WORK TO BE COMPLETED:
Could you copy the data that follows exactly as written, but drop the pictures?

PROVIDED DATA:
☆ ☆ ☆

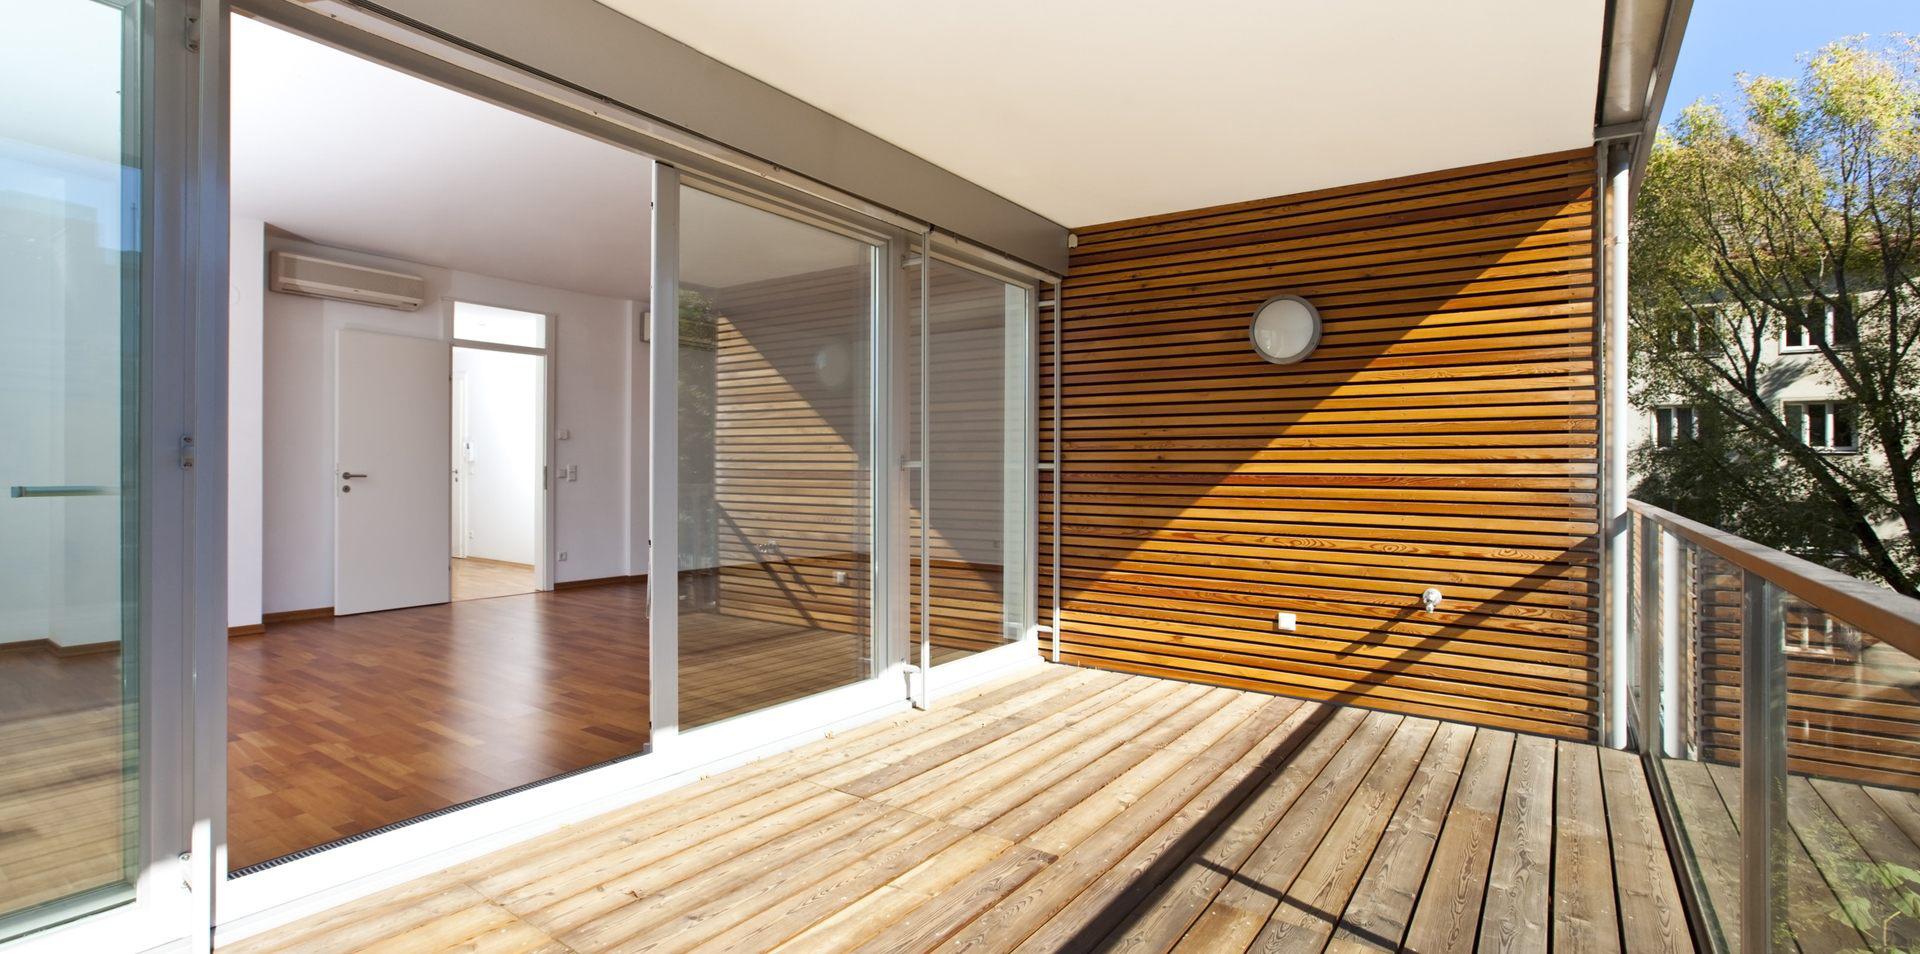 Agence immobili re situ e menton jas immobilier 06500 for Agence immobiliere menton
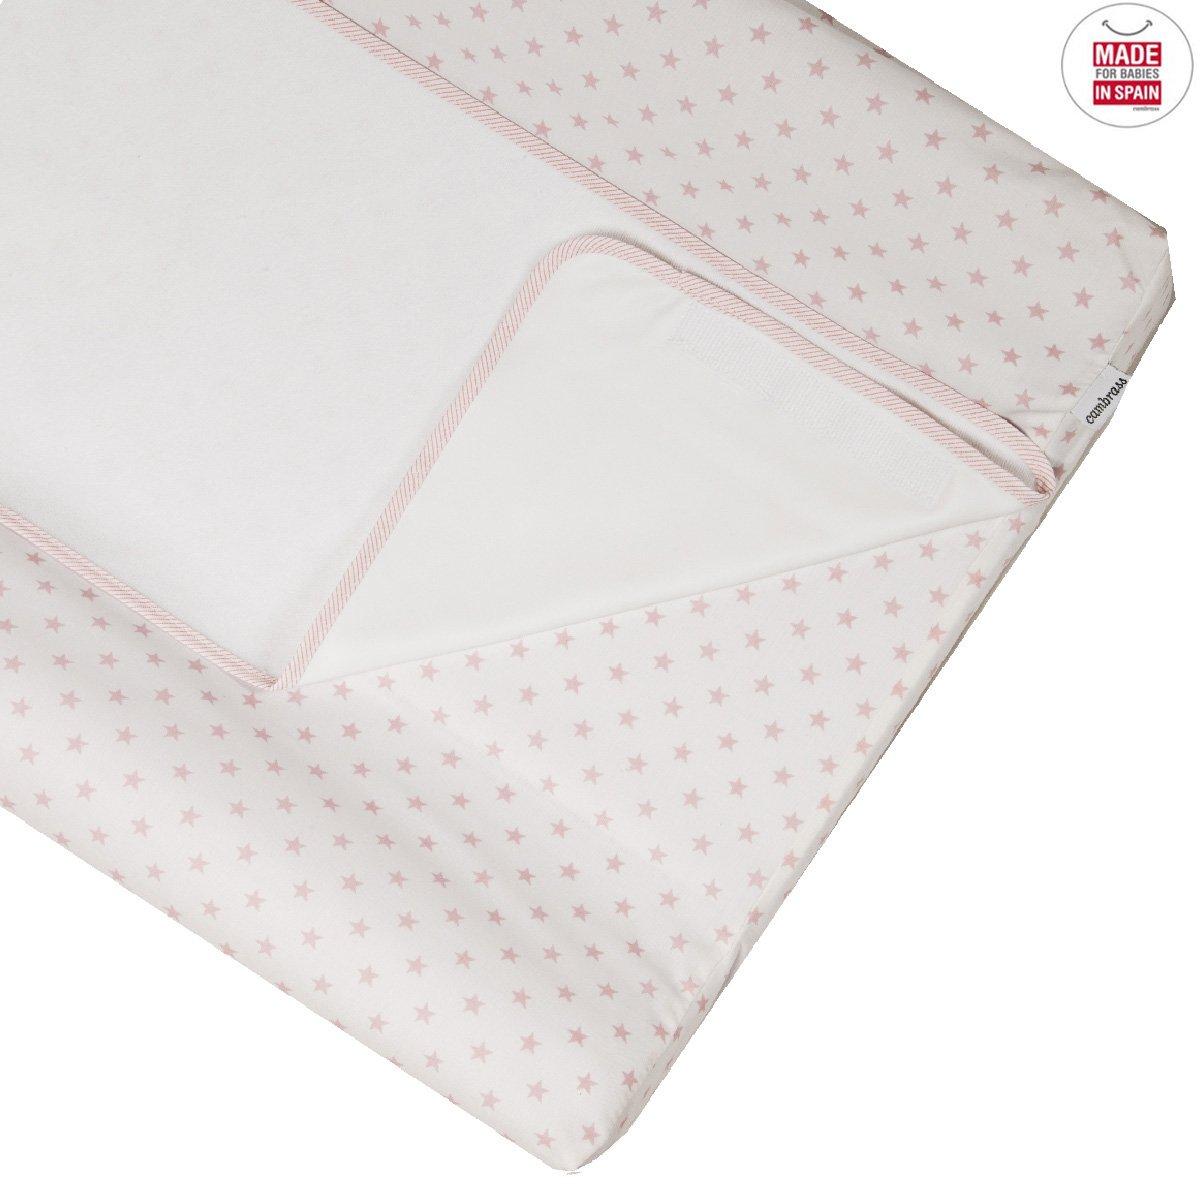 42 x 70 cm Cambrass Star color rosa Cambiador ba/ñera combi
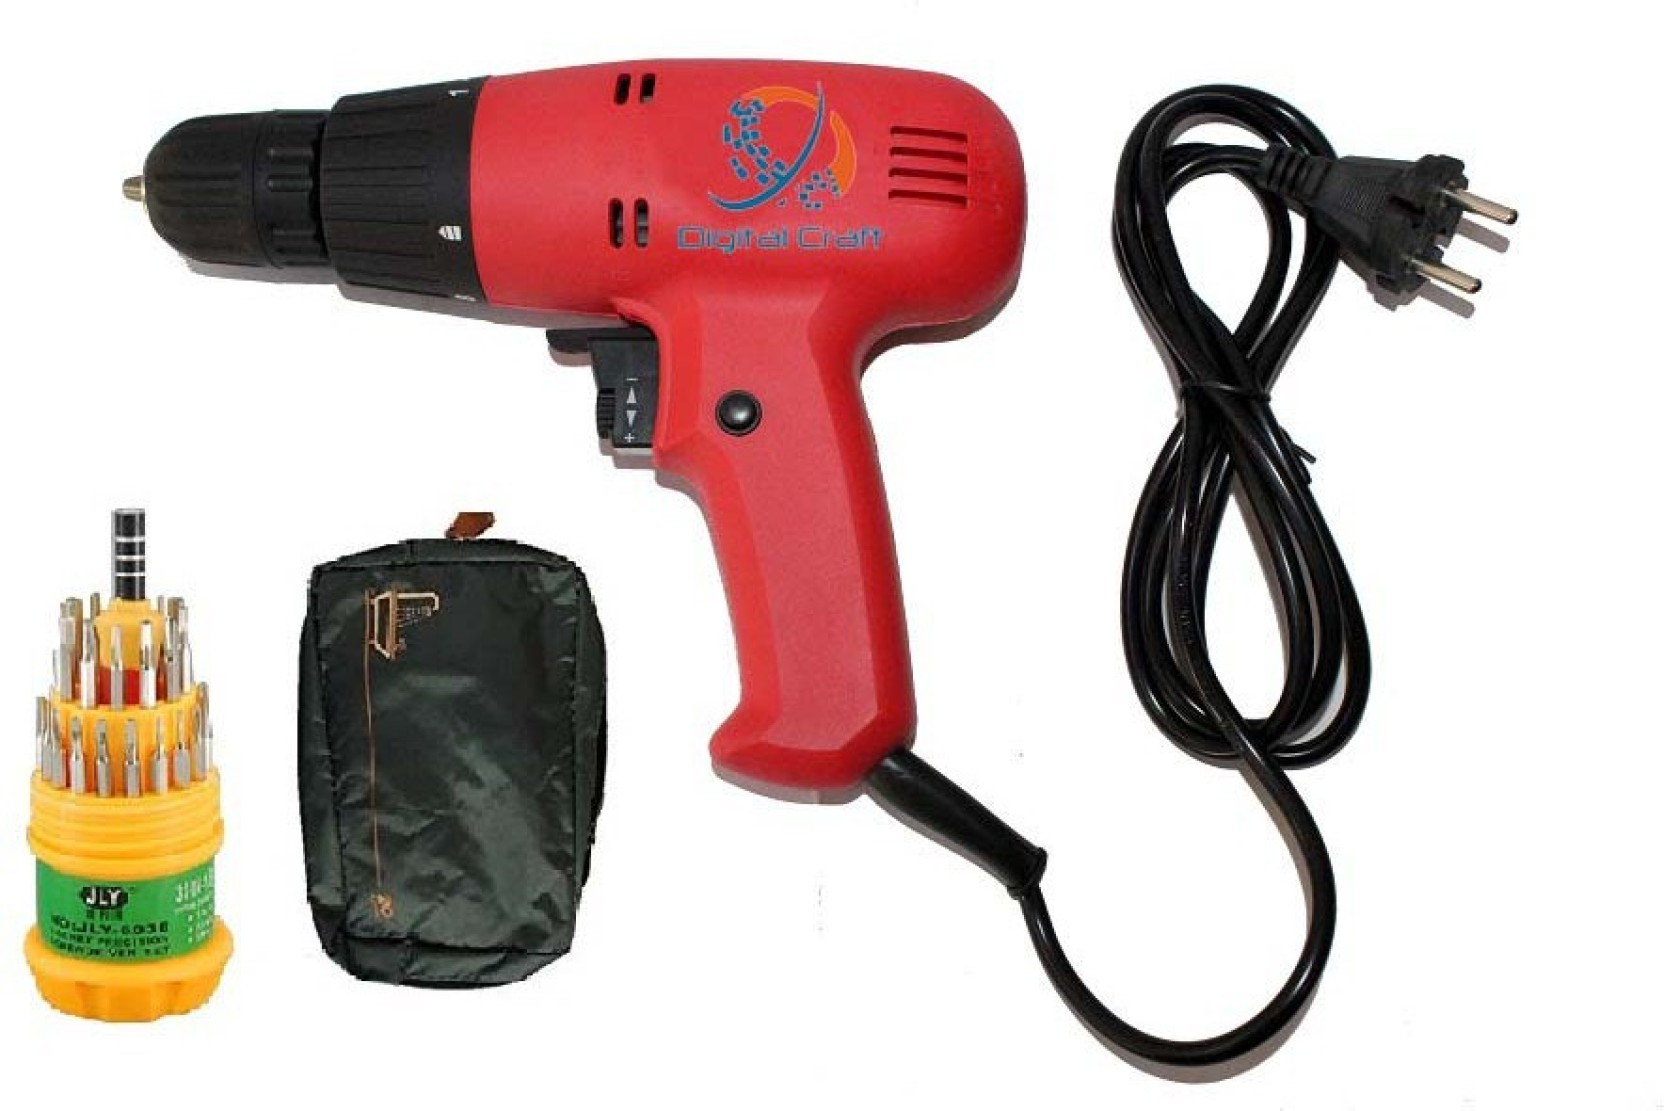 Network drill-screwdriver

☆ ☆ ☆

PROBLEM SOLUTION:
 Agence immobili re situ e menton jas immobilier 06500 for Agence immobiliere menton
 42 x 70 cm Cambrass Star color rosa Cambiador ba/ñera combi
 Network drill-screwdriver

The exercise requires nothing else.